### Task
Transcribe the data underneath exactly. No images belong in your version.

### Dataset section
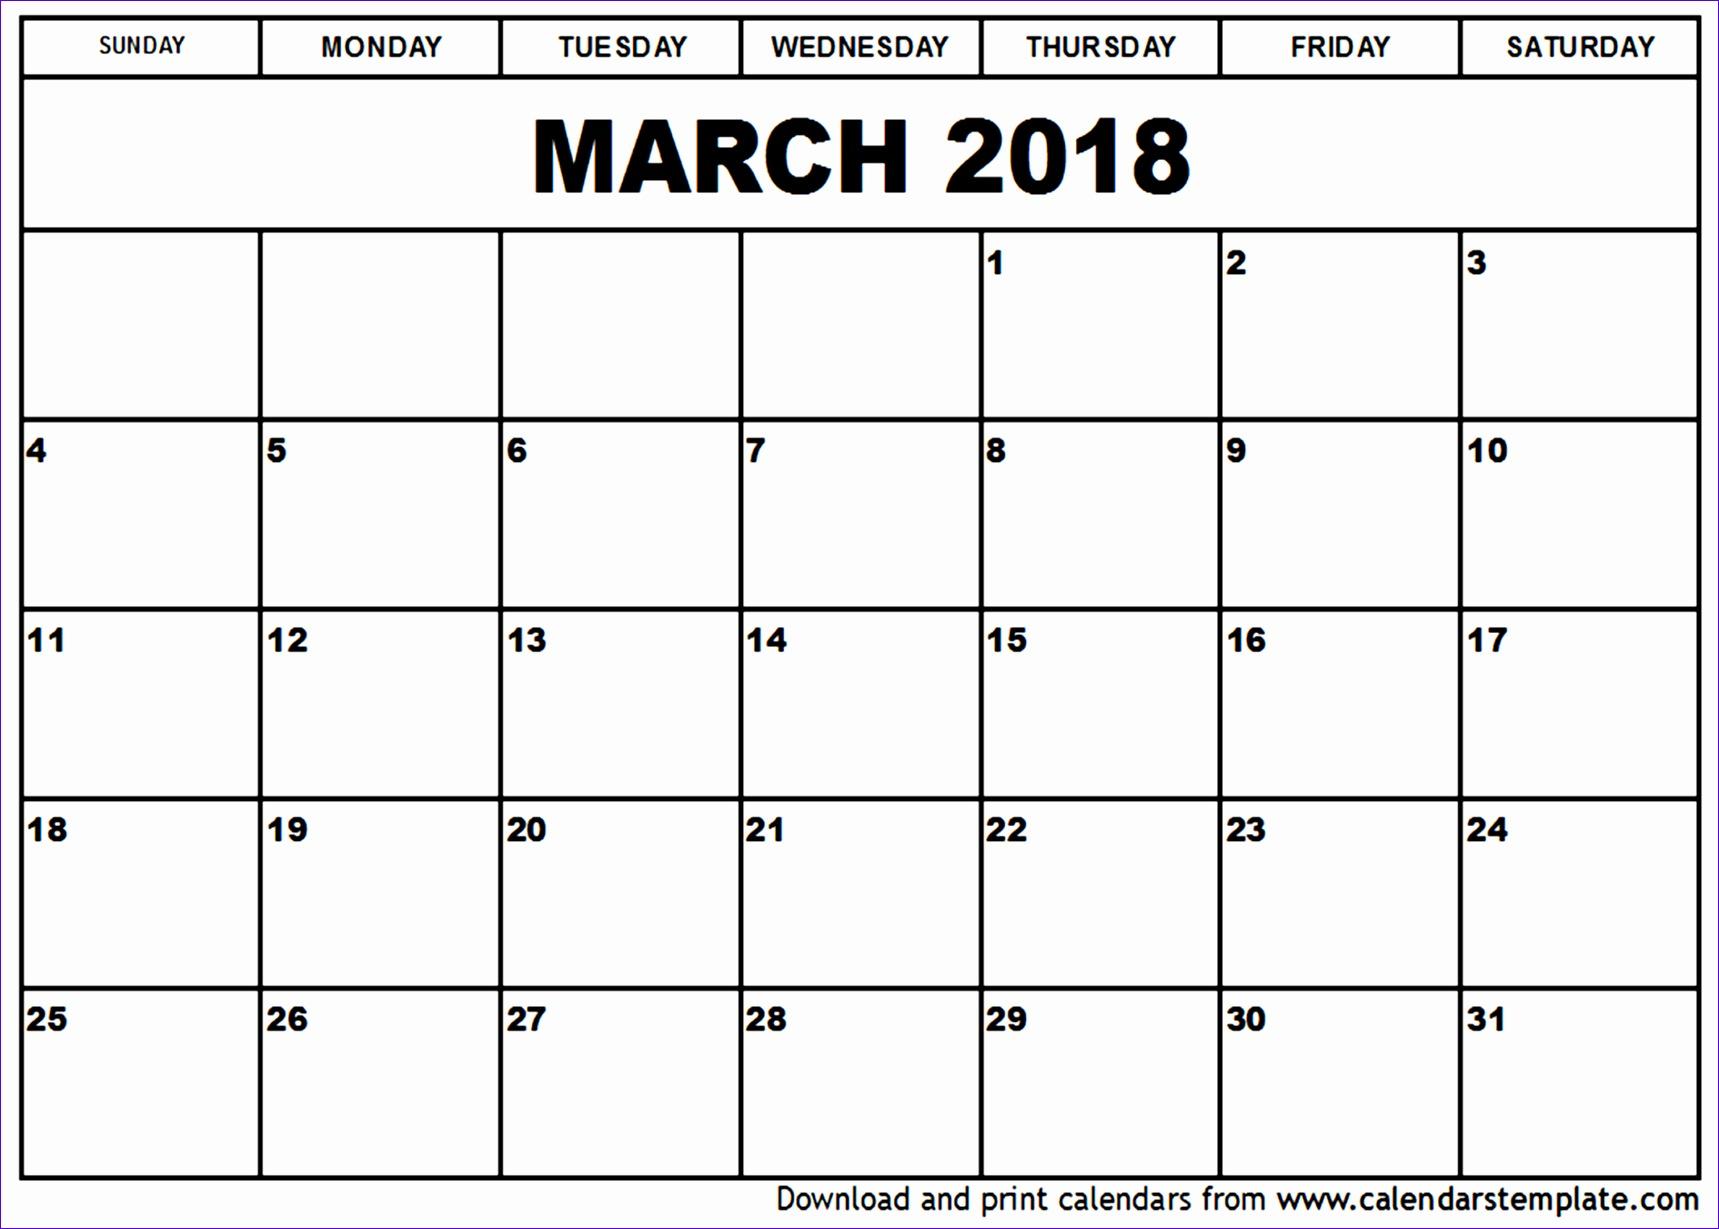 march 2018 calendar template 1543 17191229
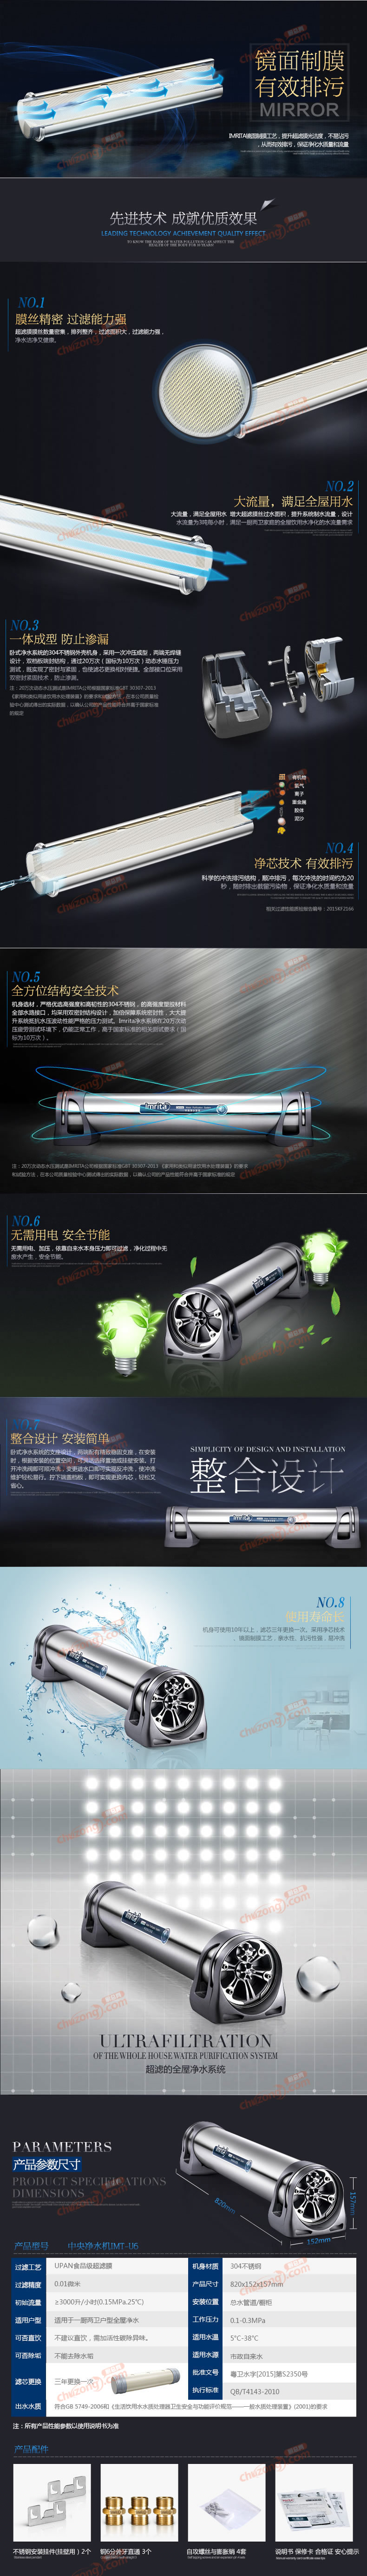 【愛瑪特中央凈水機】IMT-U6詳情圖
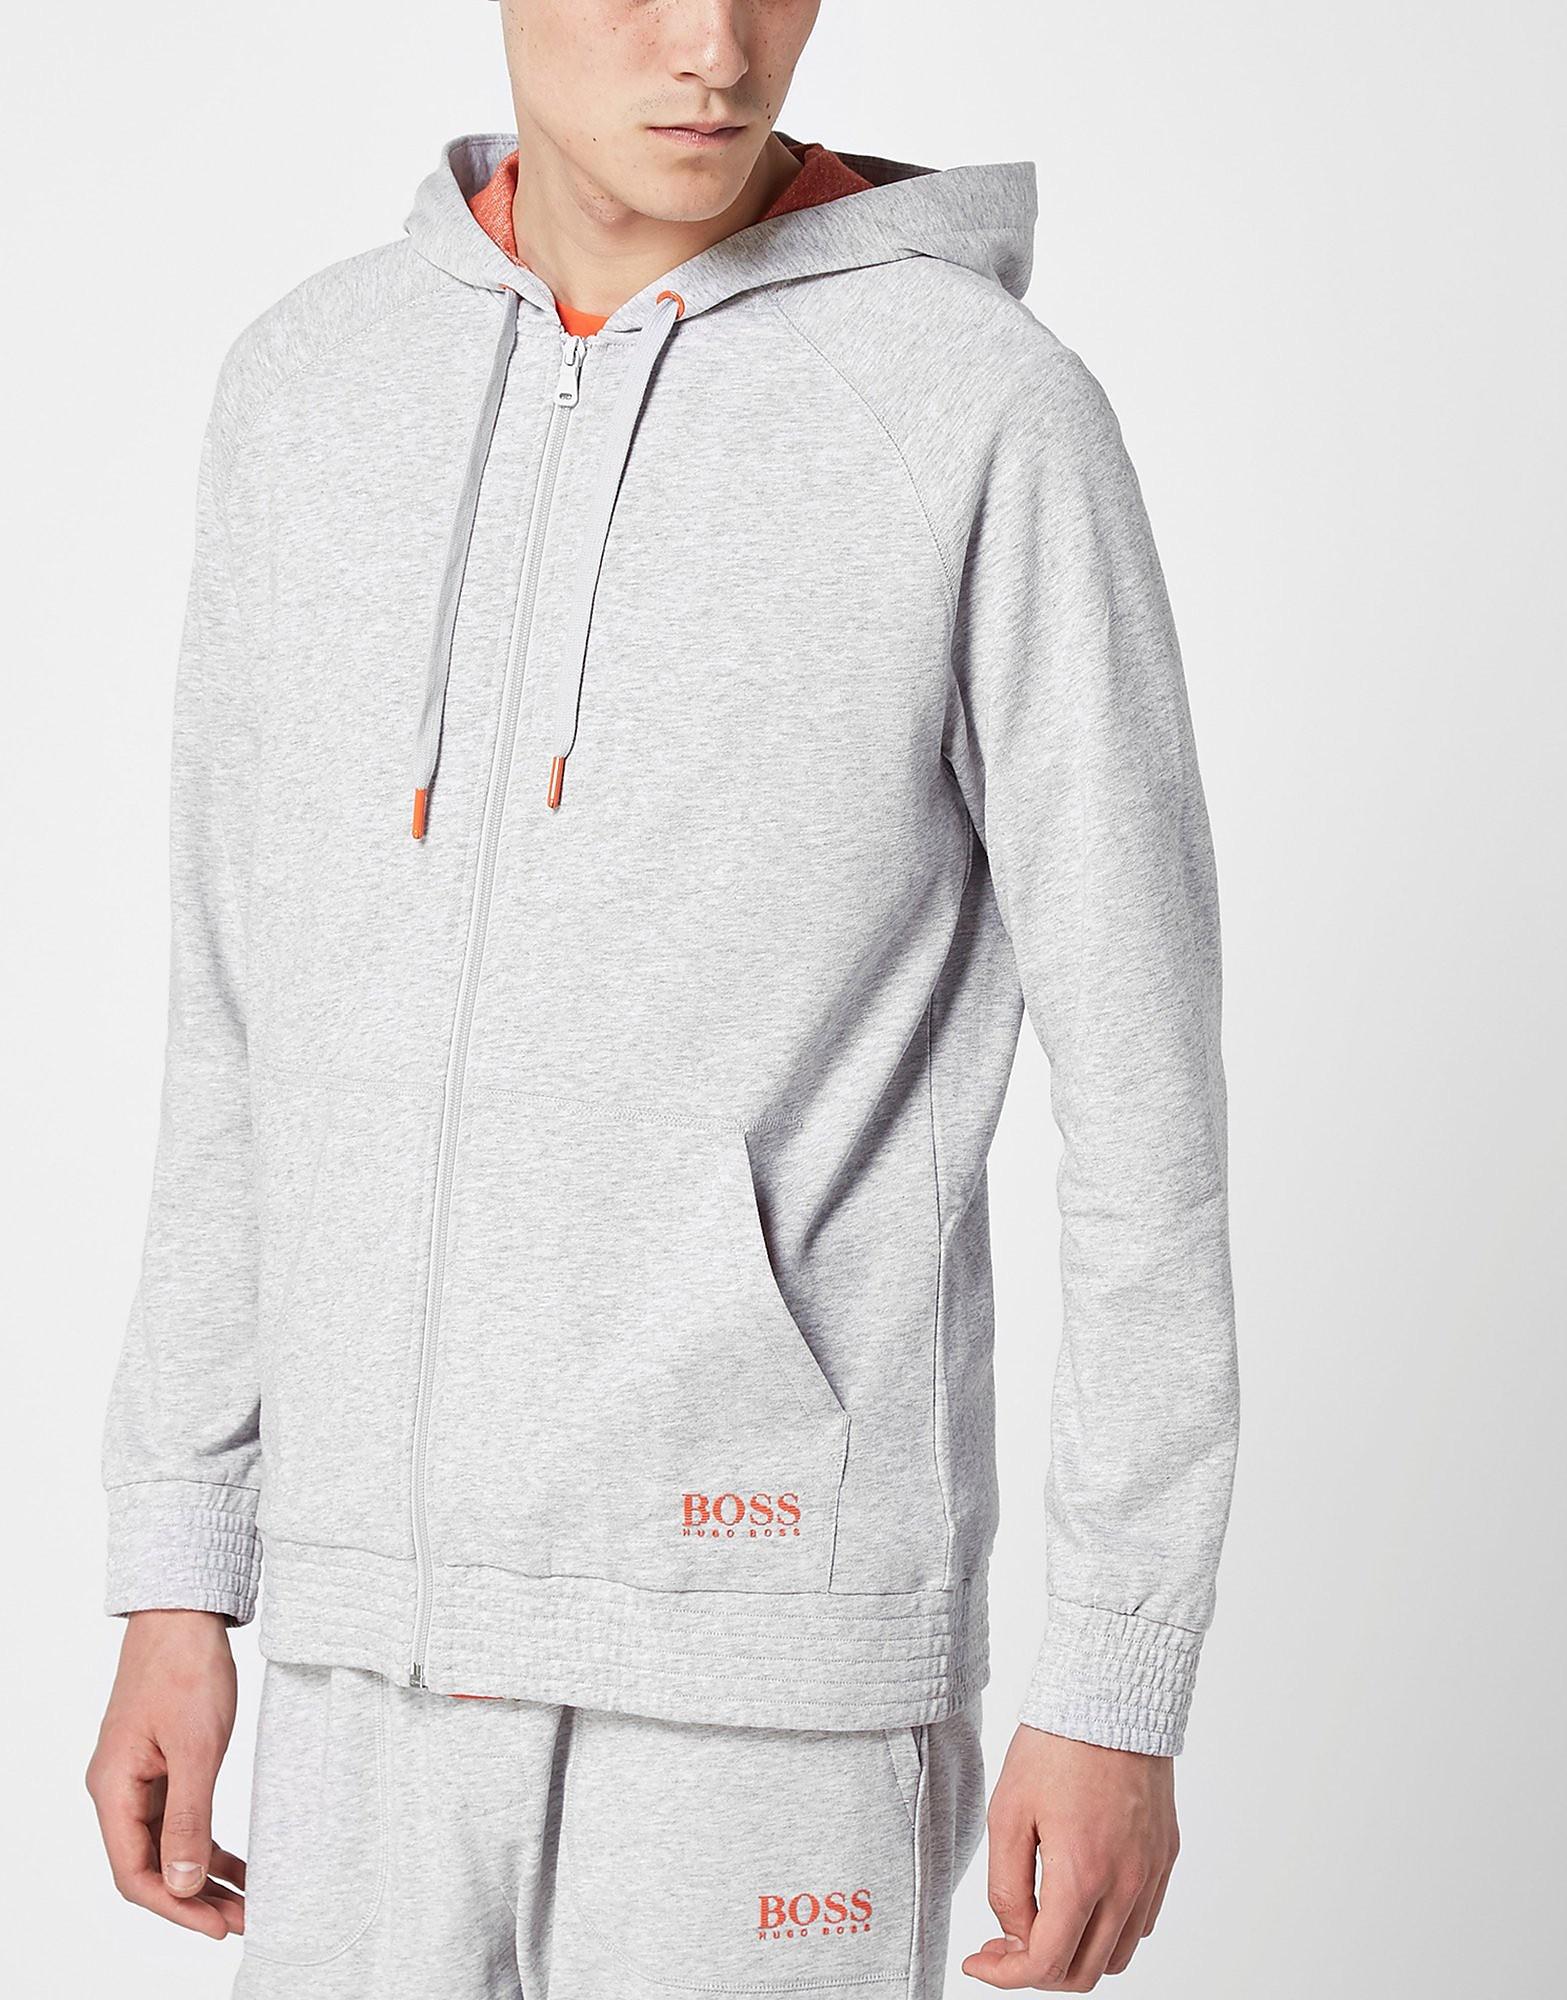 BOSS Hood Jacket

### Completed exercise
 march 2018 calendar template 1543 17191229
 【愛瑪特中央凈水機】IMT-U6詳情圖
 BOSS Hood Jacket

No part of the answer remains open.